Winning entry from Eleanor Lerman


Cambodia


There is nowhere to begin but in metaphor:

the temples are as ancient as the fields of heaven,

the dead will be as numerous as the cobra’s coils

Thus may we understand our journey through Cambodia,

which is a dream, a luminosity, a message

buried beneath a heap of bones

In the market, there is a Frenchwoman buying a songbird

and we must remember that she is not at fault: she represents

only a sojourn in a distant latitude—only a woman in sandals

and a summer dress. Walking through the heat of August,

along a flowery road she sees pythons at her feet and dragons

in the sky.

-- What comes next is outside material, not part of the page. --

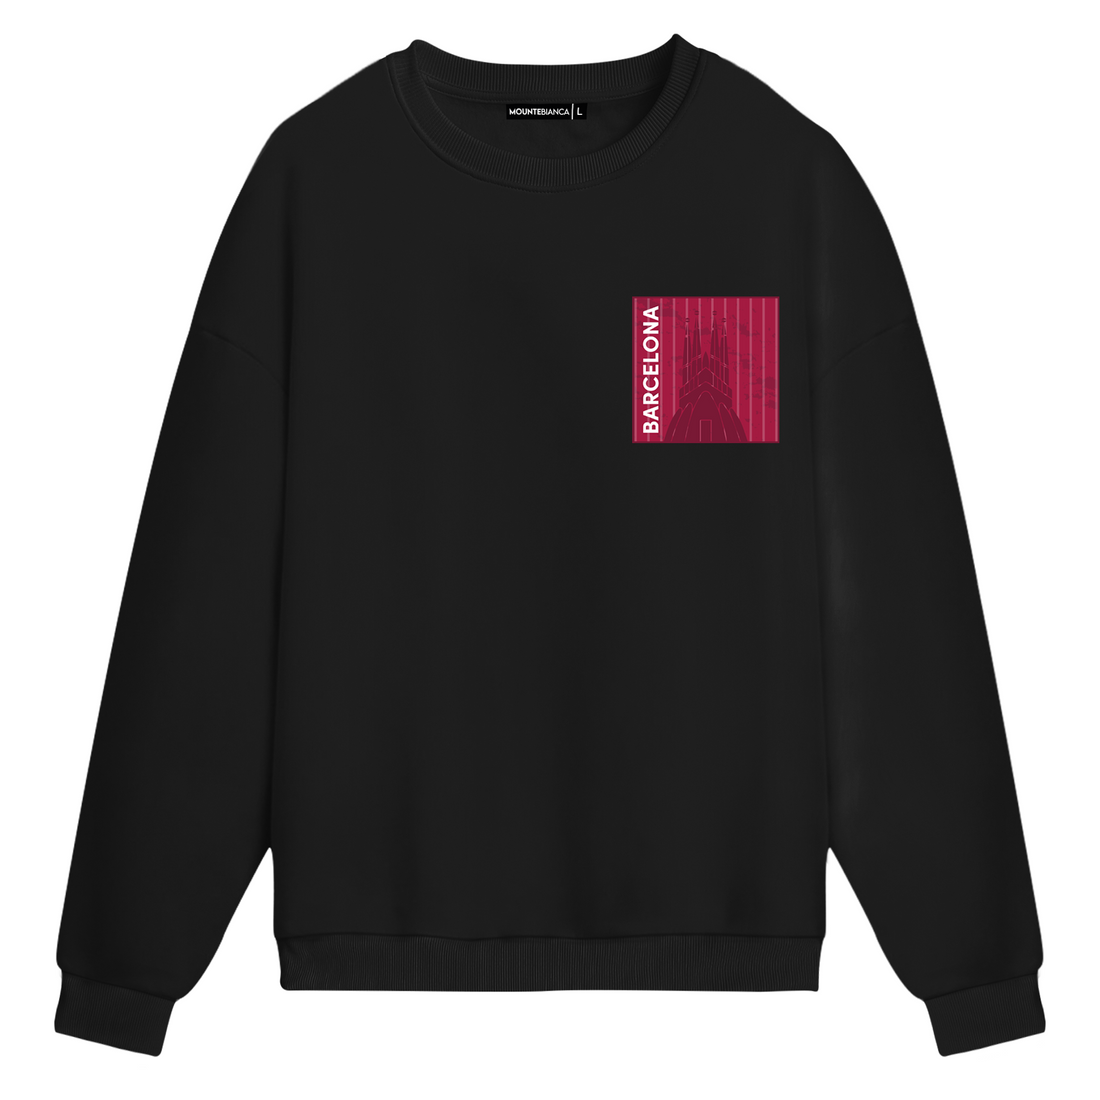 Barcelona - Sweatshirt

But she can tell us nothing, she is not the colonizer

though her presence on the road is, itself, a metaphor:

the blossoms are the pathway, the pathway is the Mekong,

and the Mekong is the infinite, which she is walking towards

Then there is the tiger and the lake, the lake,

the mountain and the stone. They represent mythology

and the power of mythology to redeem the natural world

which is, itself, the message, and the message is a metaphor

for tigers prowling in the darkness, for sacred lakes and

sacred mountains, for a stone that has been lodged

at the center of the universe, a stone that can be moved

Which is nature of Cambodia: to be the instrument of

incremental movement, the churn, the mill, the mind that

turns the sky’s machinery. Which is, itself, a metaphor.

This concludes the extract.